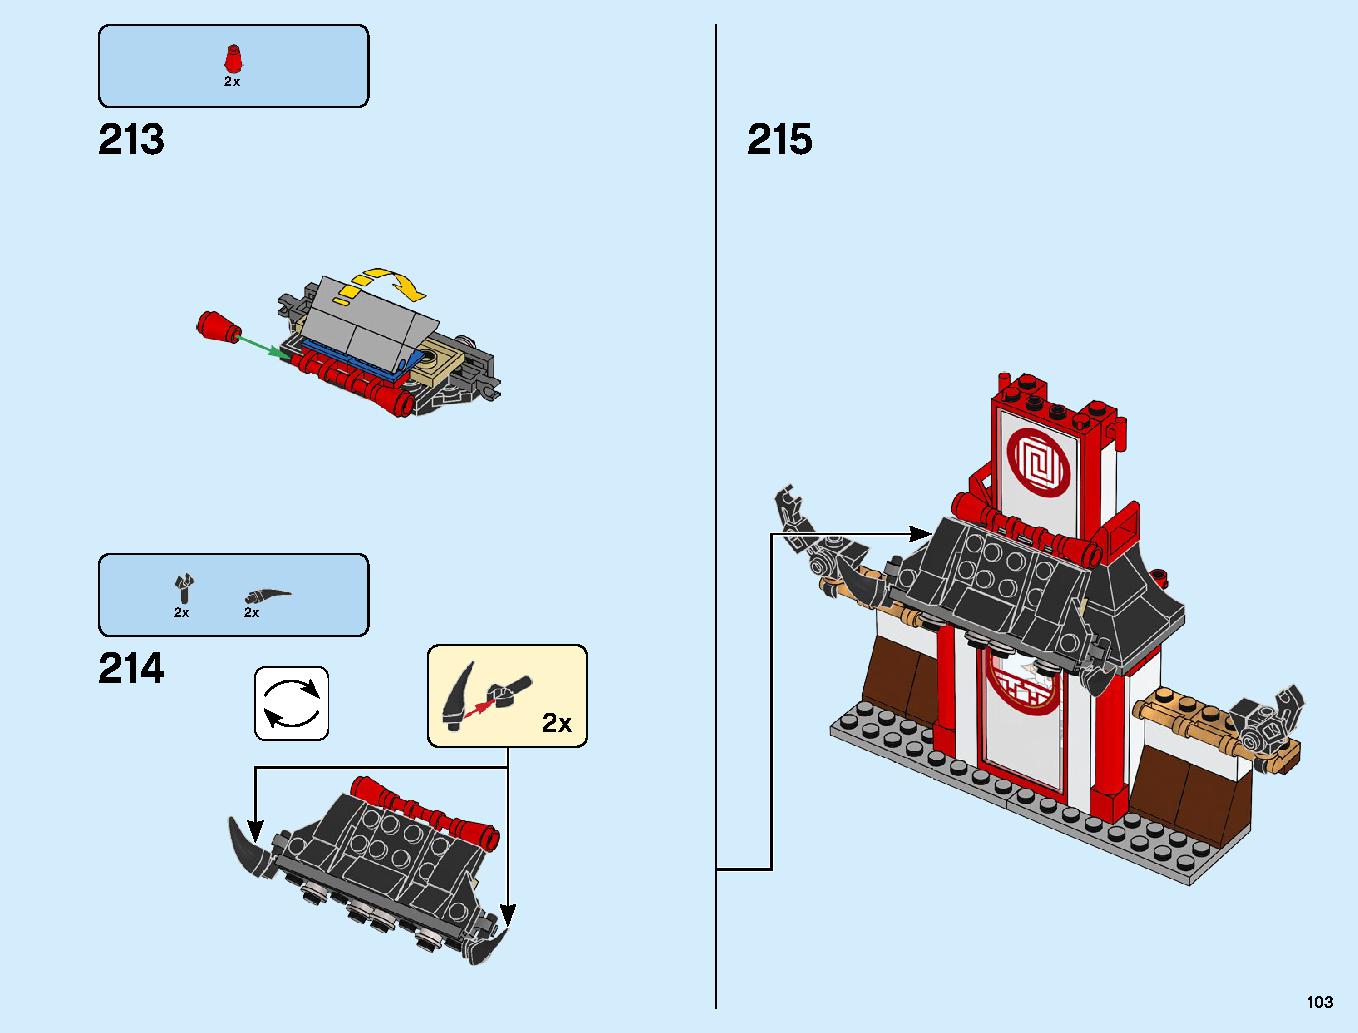 ニンジャ道場 70670 レゴの商品情報 レゴの説明書・組立方法 103 page
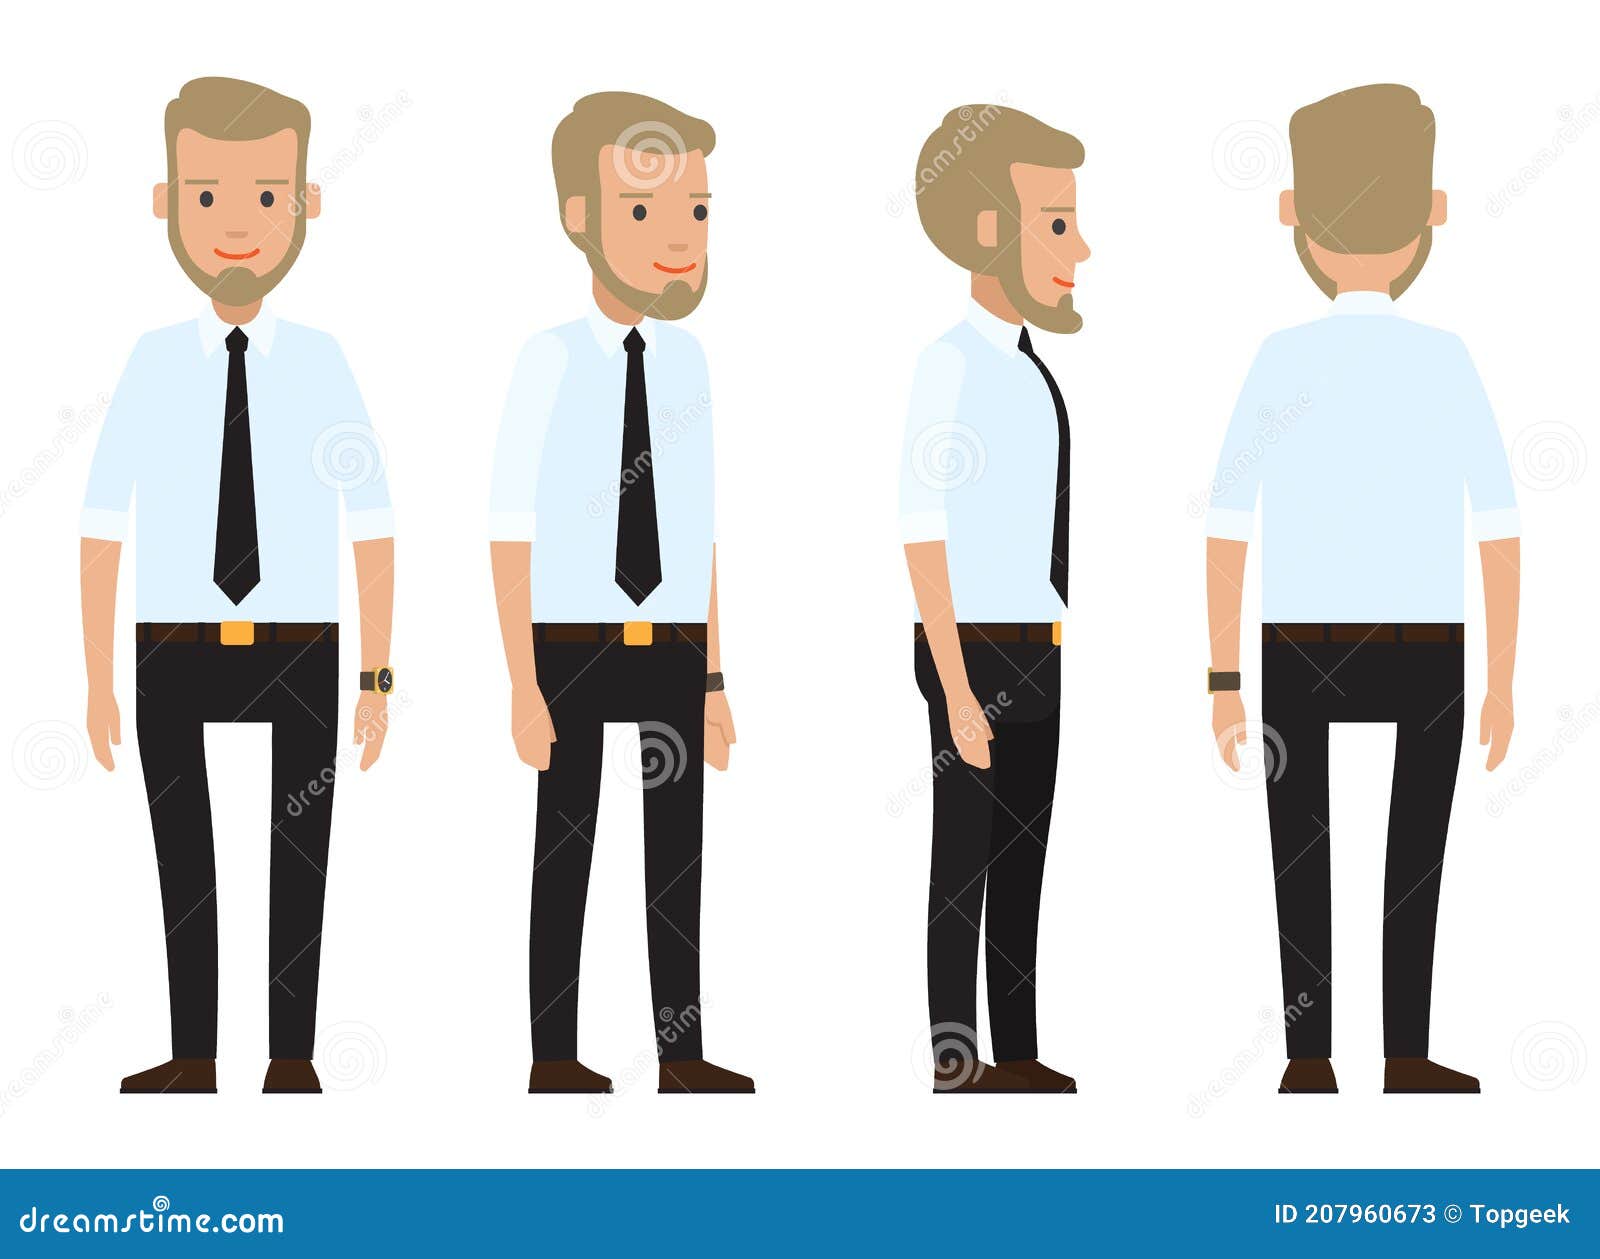 Hombre De Negocios Vestido Traje Con Corbata Negra Camisa Blanca Cinturón Pantalón Negro Parte Trasera Stock de ilustración - Ilustración gente, conjunto: 207960673
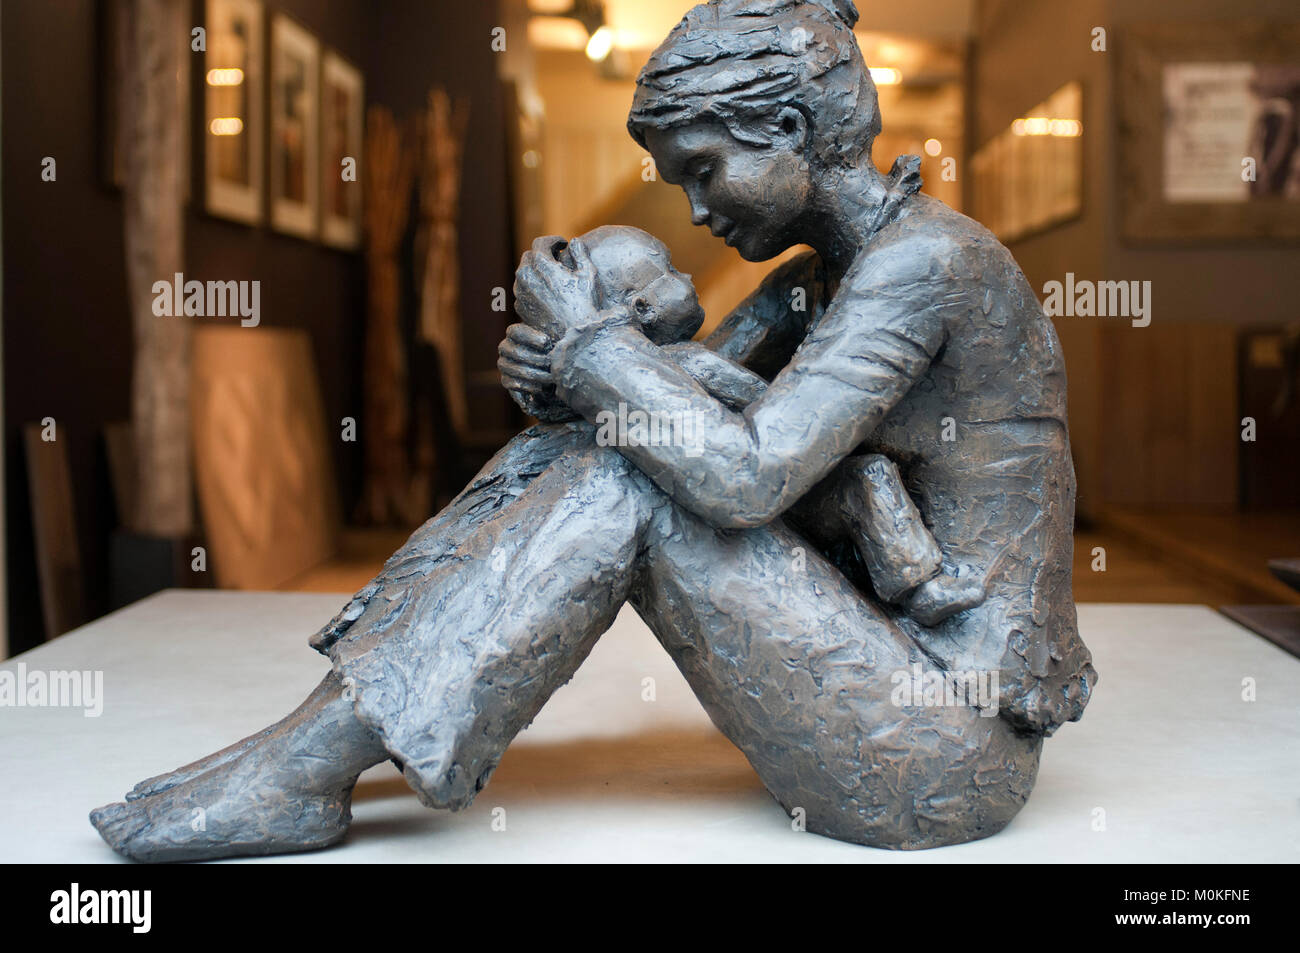 La mère et l'enfant sculpture de bronze en K prêt, galerie des antiques et de décoration, Marolles, Bruxelles, Belgique Banque D'Images
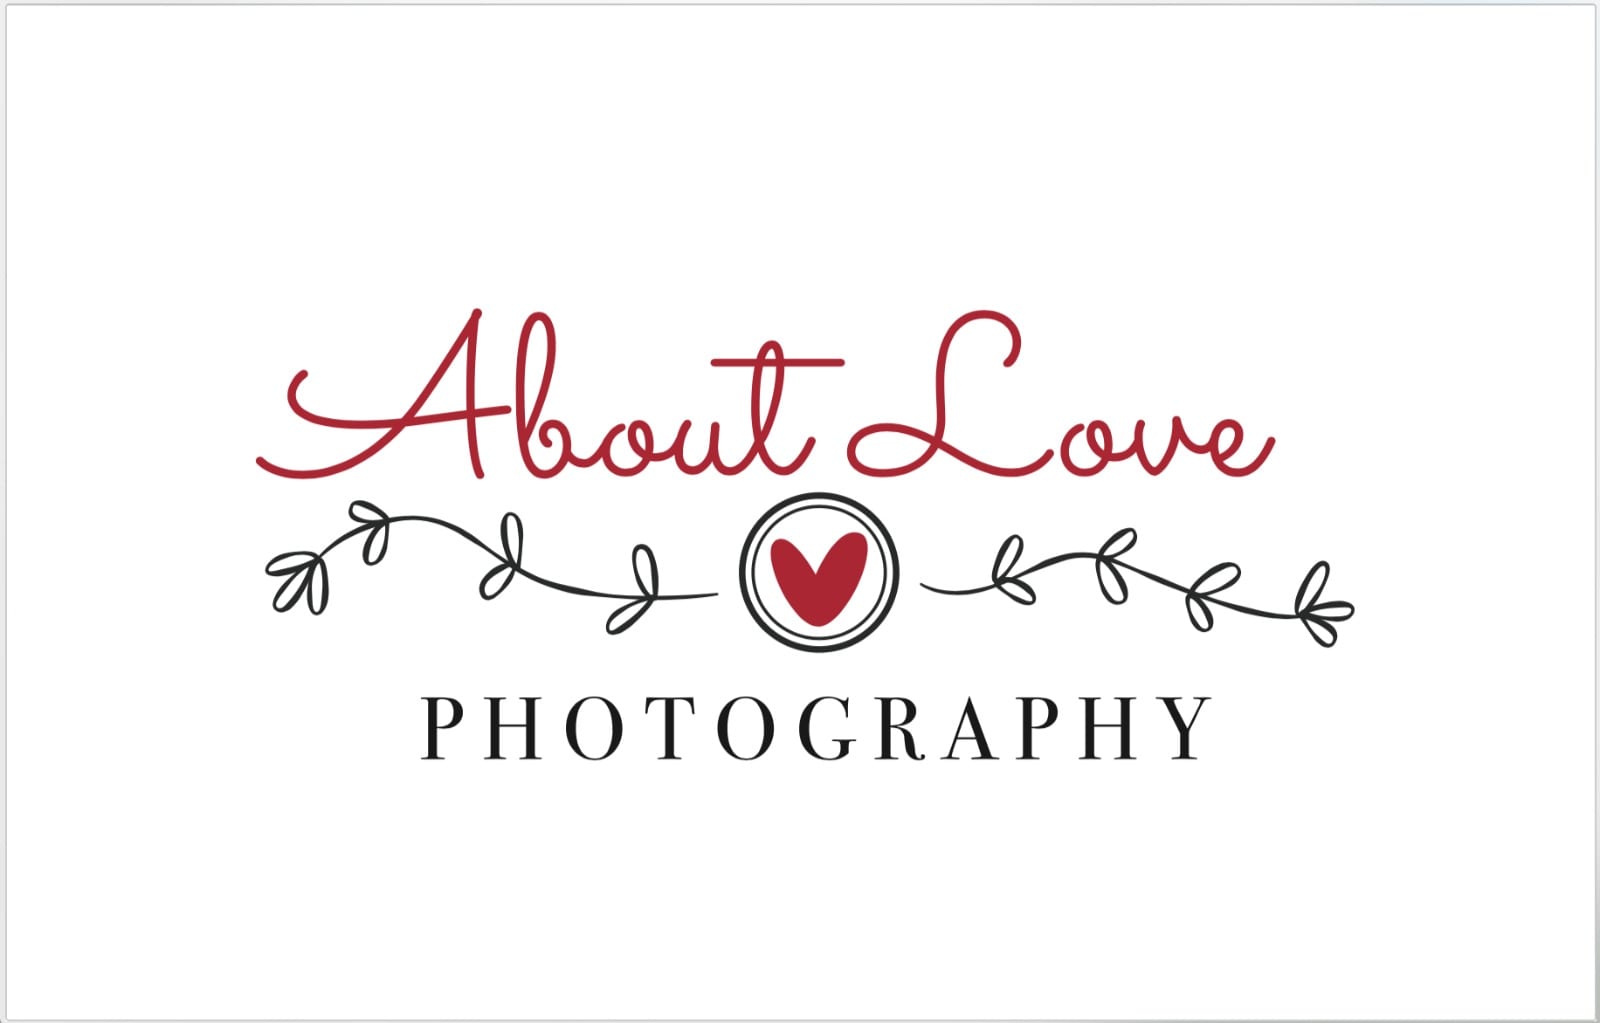  Nasce Aboutlove Photography grazie alla collaborazione con Orto Creativo!

□ □ □

Exercise: Could you retype every line above exactly as it appears, skipping the pictures?

Answer to the exercise:
 ニンジャ道場 70670 レゴの商品情報 レゴの説明書・組立方法 103 page
 Hombre De Negocios Vestido Traje Con Corbata Negra Camisa Blanca Cinturón Pantalón Negro Parte Trasera Stock de ilustración - Ilustración gente, conjunto: 207960673
 La mère et l'enfant sculpture de bronze en K prêt, galerie des antiques et de décoration, Marolles, Bruxelles, Belgique Banque D'Images
  Nasce Aboutlove Photography grazie alla collaborazione con Orto Creativo!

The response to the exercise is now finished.